$include_dir="/home/hyper-archives/boost/include"; include("$include_dir/msg-header.inc") ?>
Subject: Re: [boost] [heap][formal review]
From: Tim Blechmann (tim_at_[hidden])
Date: 2011-06-13 10:18:22
hi thomas,
thanks for your formal review!
> -- One inconvenience for me was the use of max-heaps instead of min-heaps.
> Well, one could argue that a priority_queue should return the elements
> with the highest priority first (but as Wikipedia says: "some conventions
> consider lower priorities to be higher"), and heap-sort uses a max-heap.
> Since these are the two application where stl uses a heap, it's clear why
> stl implements a max-heap. But the applications where it is beneficial to
> call increase or decrease directly normally use a min-heap. Now I have to
> call increase even so the key value actually has decreased...
there are two conventions to consider: min-heaps (which are typically used in
textbooks) and max-heaps (which are used in the stl heap functions). i prefered
to be consistent with the stl.
likewise i am using the `top()' to extract the value with the highest priority,
not `find_min()' like it is often used in the literature ...
> -- I was
> left a bit with the feeling that I hadn't made the most efficient use of
> Boost.Heap.
the only way to find the best data structure is to test with a specific
workload. boost.heap does not provide a `one-size-fits-all' solution, but a
toolbox of different configurable data structures.
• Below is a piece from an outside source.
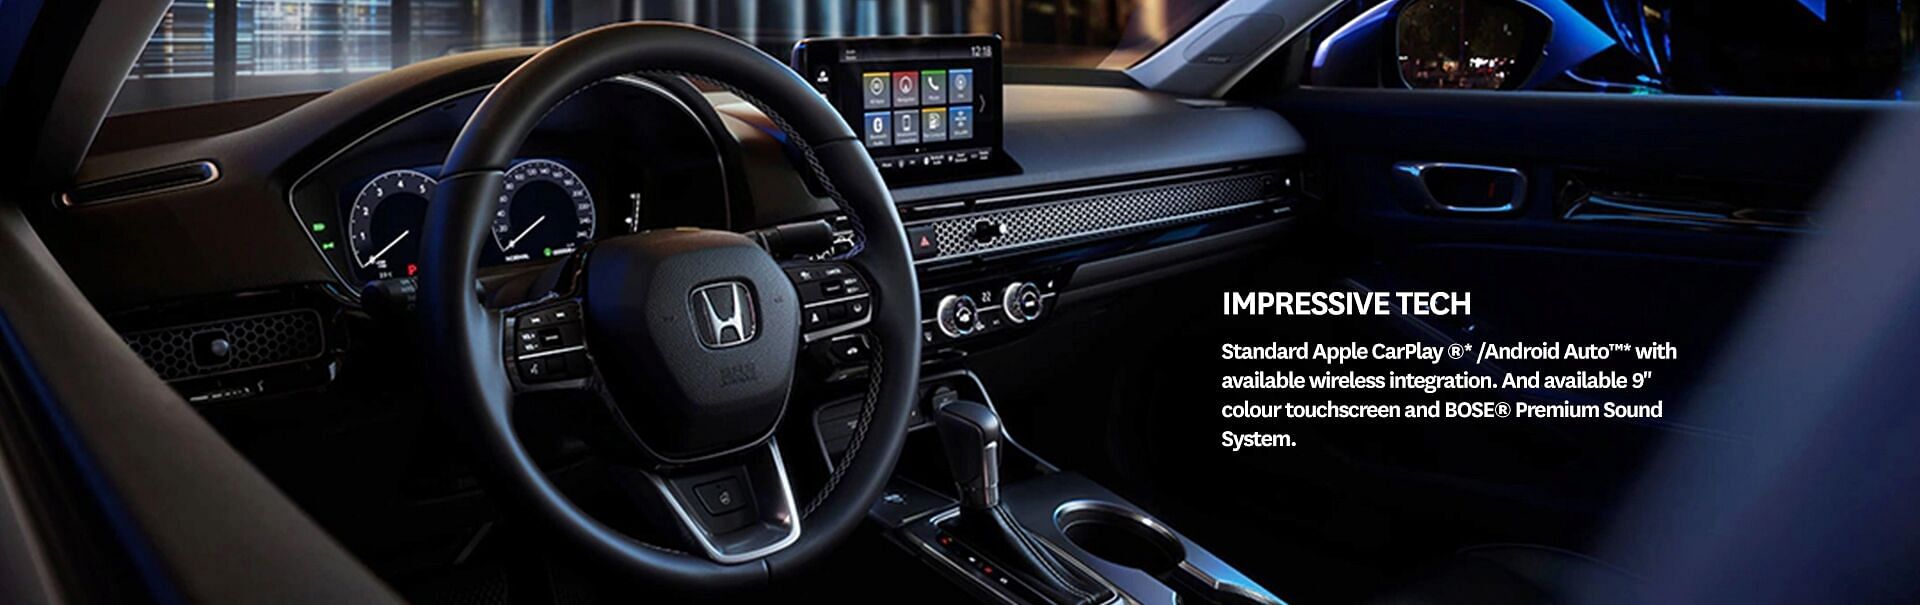 Impressive tech. Standard Apple CarPlay ®* /Android Auto™* with available wireless integration. And available 9″ colour touchscreen and BOSE® Premium Sound System.

> For example, I quickly found out that calling update just with
> a handle (as I had implemented it first) was suboptimal for
> fibonacci_heap.
suboptimal in what way?
> - The performance numbers for Boost.Heap were neither bad nor outstanding.
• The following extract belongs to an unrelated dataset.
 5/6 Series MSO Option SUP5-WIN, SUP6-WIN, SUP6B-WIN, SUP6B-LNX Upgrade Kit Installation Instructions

> -- The numbers for b_heap are not convincing
> -- The numbers for fibonacci_heap seem to be the best.
> -- The pairing_heap has a smaller compare count than fibonacci_heap, but
> actually performs worse than fibonacci_heap in this test. Considering
> statements like "Experimental studies indicate that pairing heaps actually
> outperform Fibonacci heaps", I wonder whether the implementation of
> pairing_heap could be improved so that it actually outperforms
> fibonacci_heap.
for a performance comparison, one will have to consider
* expenses of comparison
* expenses of swapping data
* size of the managed data
* workload (mixture/order of API calls)
i suppose for every data structure one can come up with a synthetic benchmark,
so that this data structures outperforms every other implementation.
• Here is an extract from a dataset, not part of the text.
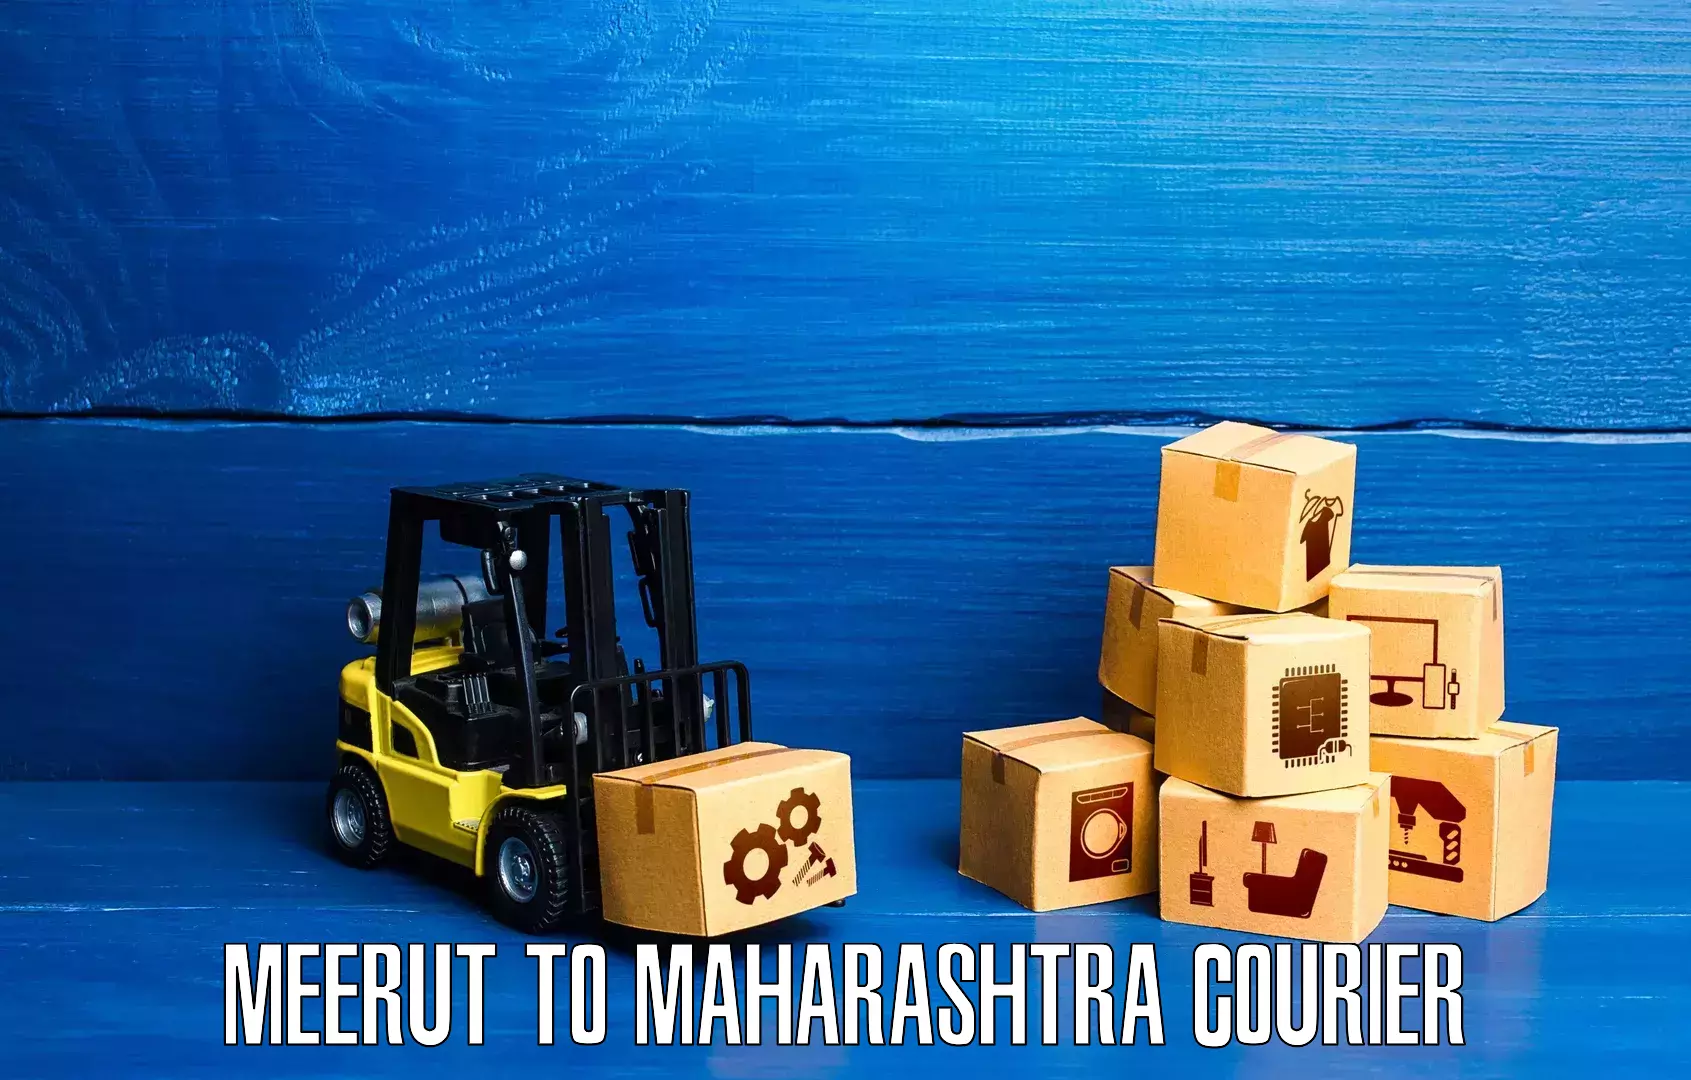 State-of-the-art courier technology Meerut to Shirur Anantpal

> > What is your evaluation of the design?
>
> I guess it's OK. What makes me a bit nervous is the statement "The library
> is not targeted in any specific domain nor directly related to any
> specific libraries". A good interface often is the result from an
> abstraction over different applications. The other way (coming from the
> data structure/algorithm) risks bloating the interface with unnecessary
> functionality. For example, somebody asked during the review for
> "iteration over the heap in priority order". Is this really something that
> many applications requiring a heap will benefit from? I heavily doubt
> this.
testing two heaps for equivalence will benefit from it. of course you can ask,
why do you want to test that ...
> > Do you think the library should be accepted as a Boost library?
>
> No, the library should not be accepted unless
> - The current review either magically goes back on track and at least 3
> other persons also submit a proper review, or another (mini?) review with
> proper participation is held later.
... i am a bit disappointed by the lack of reviews myself. given the fact that
this is the only one that actually contains a vote and the review stoped
yesterday i would appreciate other feedback
> - Either a convincing example where b_heap outperforms the
> other heaps is presented, or it's use should be discouraged in the
> documentation.
http://article.gmane.org/gmane.comp.lib.boost.devel/220245
> - The documentation says a bit more about the different
> heaps and their trade offs (amortized time <-> worst case), and generally
> tries to give recommendation to the user which heap will likely best fit
> his application, and which settings he should try (for example something
> like that arity<4> is a good compromise for a d_ary heap between cache
> locality and compare count).
a section of `best practices' may be helpful?
> I used the negative form of "Yes, the library should be accepted under the
> following conditions", because I'm unhappy with how the review went. The
> announcement was sent out too late, without stating the dates of the
> review, much of the initial discussion was about the code collaborator
> tool, but I haven't seen any "real" review, despite that fact that there
> seems to be interest in the library. There were some discussions on Code
> Collaborator, and the tool was actually not bad in pointing to concrete
> problems in the actual code. Tim quickly addressed these, but a good
> review would have some discussions and actual opinions and suggestions.
well, i would appreciate more reviews myself ... however if you are the only
person who includes a vote and this vote is no, boost.heap should be rejected.
no matter if the reason is `documentation', `code', `performance' or `review
process'.
> It
> is also unclear to me how well Boost.Heap performs with respect to
> boost/graph/detail/d_ary_heap.hpp. I could have tried to also include this
> heap in my heap test/benchmark, but as the review seemed to have silently
> died already, I wasn't motivated enough for doing this.
iirc bgl heap data structures are pretty specific (optimized for integers).
thanks for taking your time to review boost.heap.
tim